==== Dataset extract ====

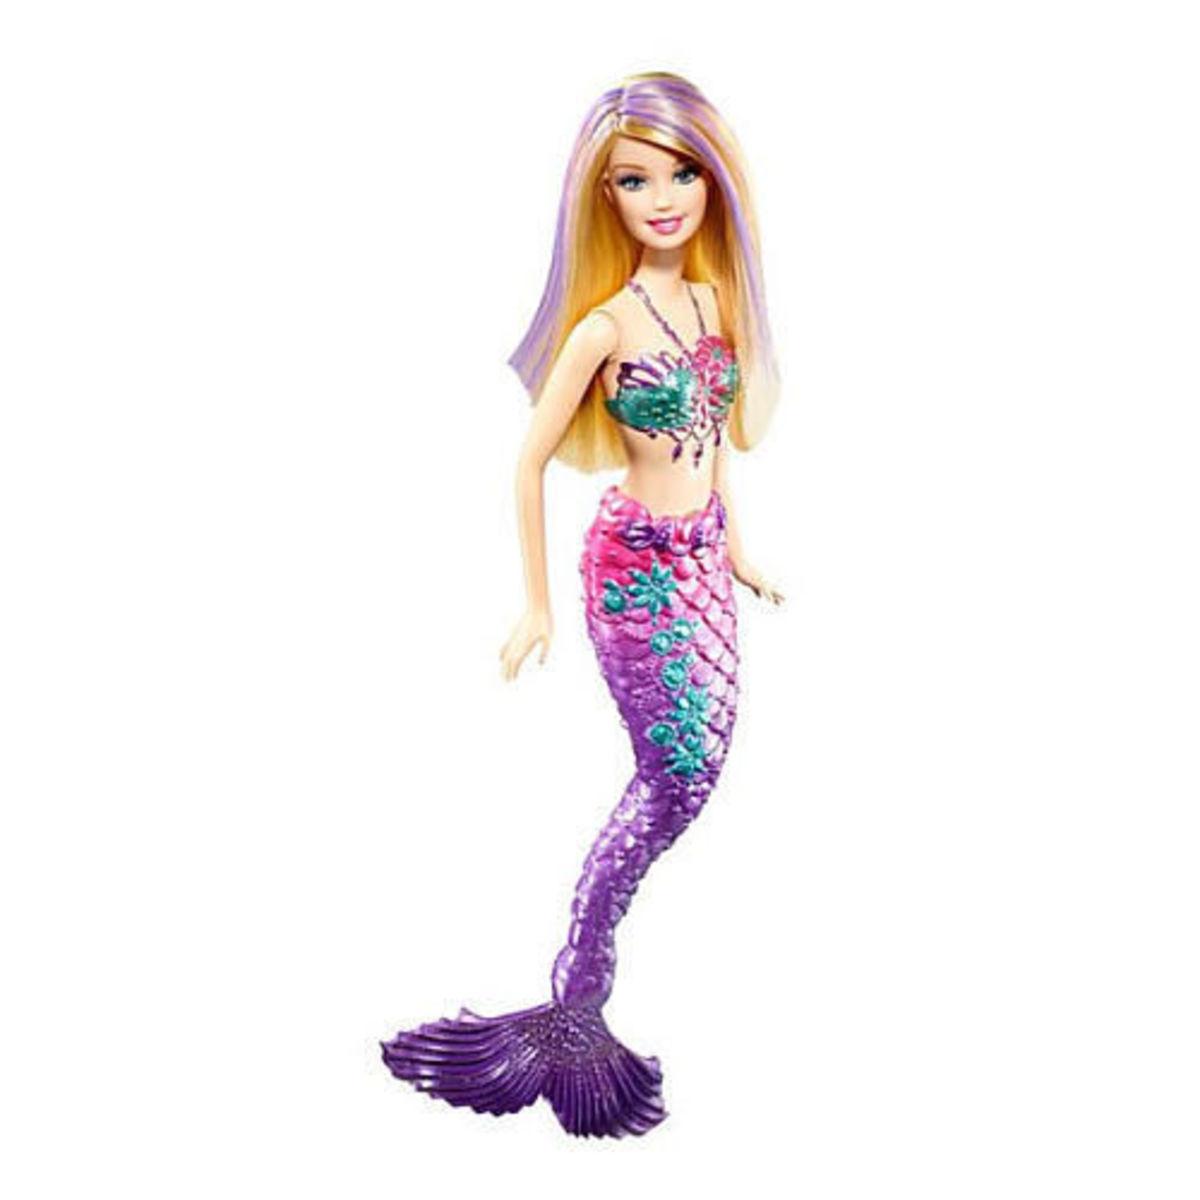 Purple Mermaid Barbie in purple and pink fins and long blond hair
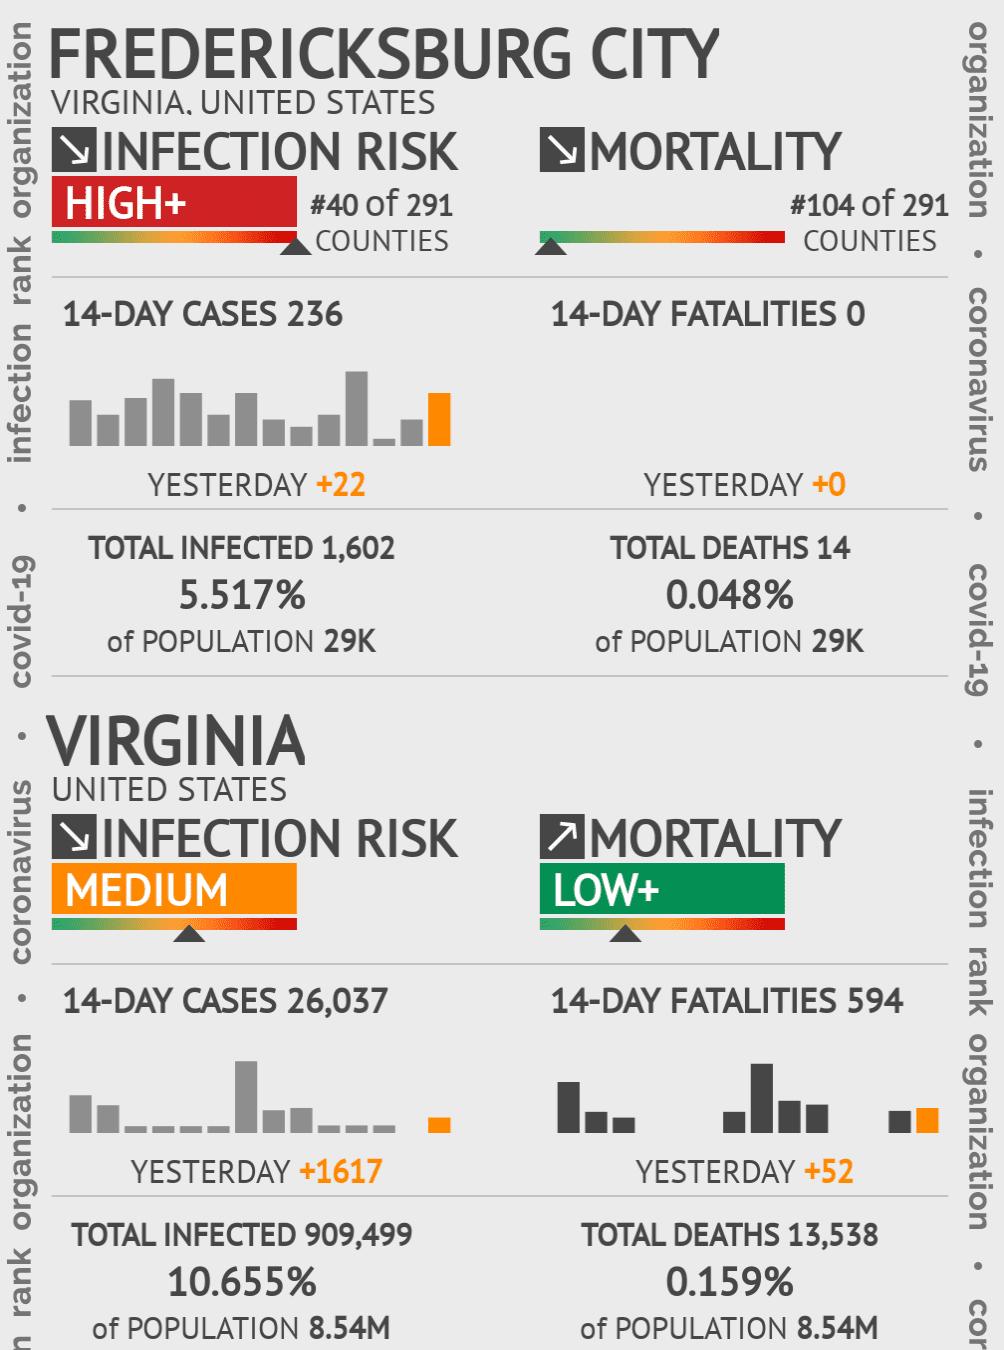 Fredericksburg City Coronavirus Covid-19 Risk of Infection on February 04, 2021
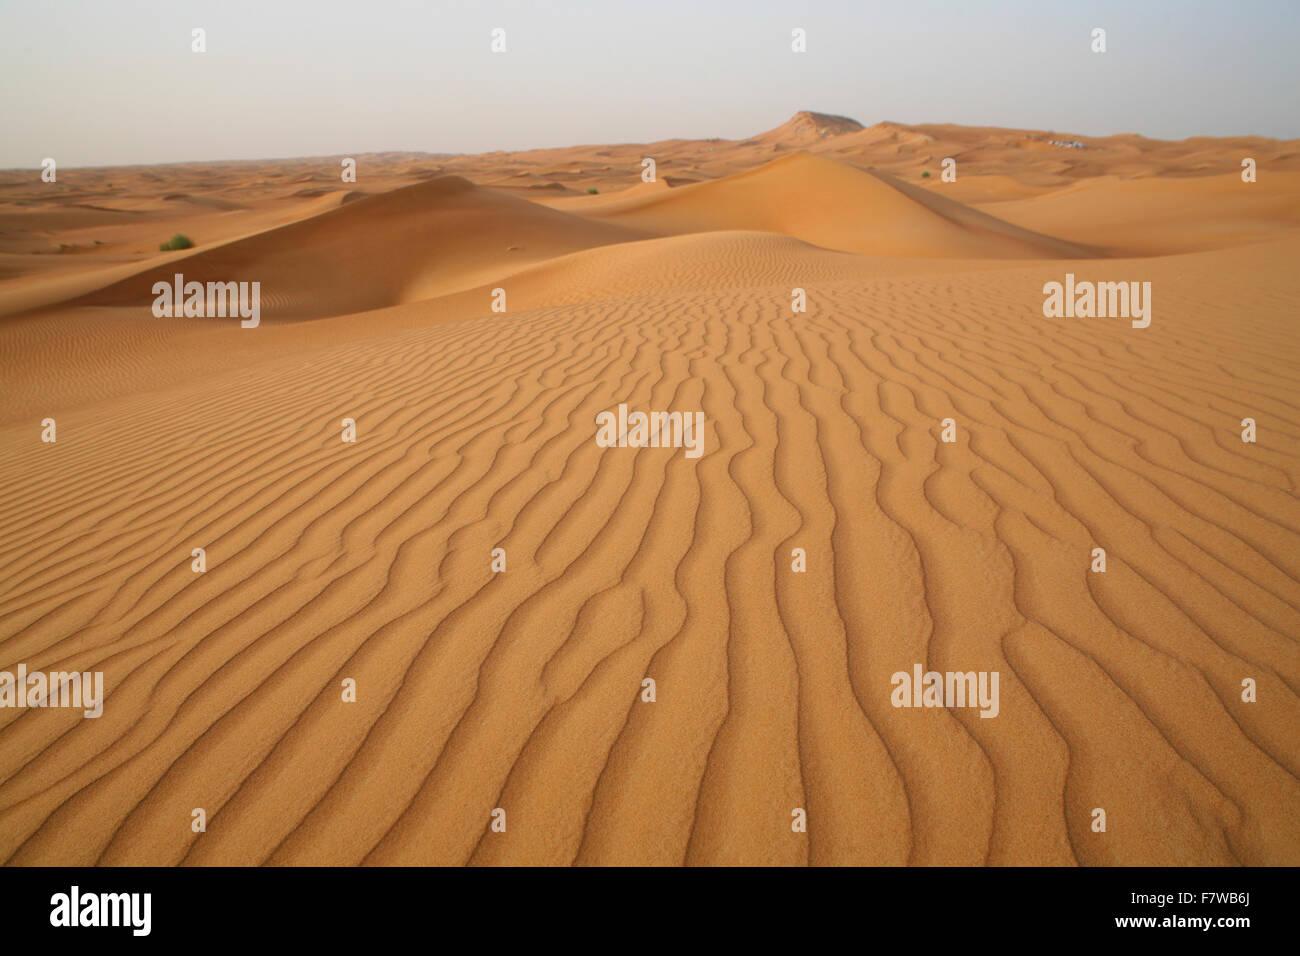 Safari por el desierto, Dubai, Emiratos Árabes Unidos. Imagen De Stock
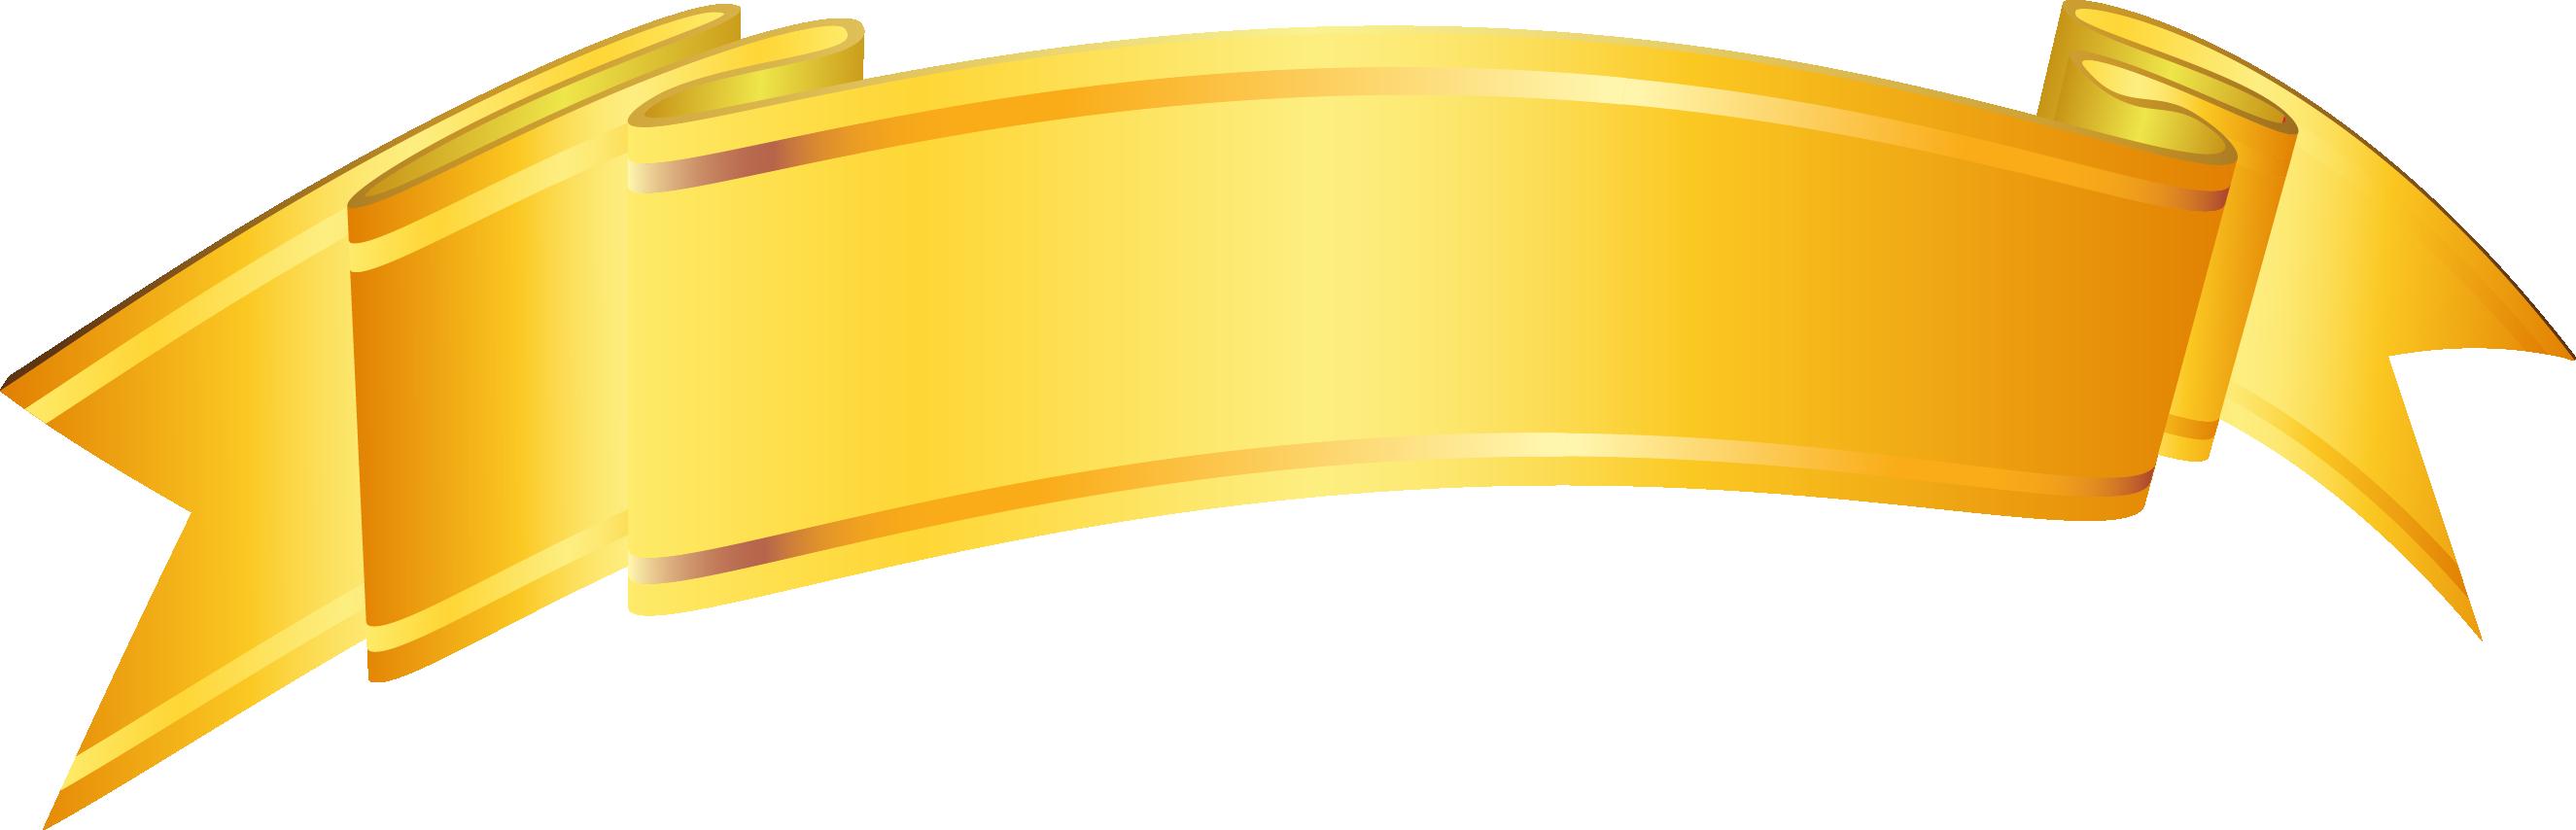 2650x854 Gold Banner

====

__Exercise goal__
Write out the data again word for word, minus any images.

__Answer section__
 Purple Mermaid Barbie in purple and pink fins and long blond hair
 Fredericksburg City Coronavirus Covid-19 Risk of Infection on February 04, 2021
 Safari por el desierto, Dubai, Emiratos Árabes Unidos. Imagen De Stock
 2650x854 Gold Banner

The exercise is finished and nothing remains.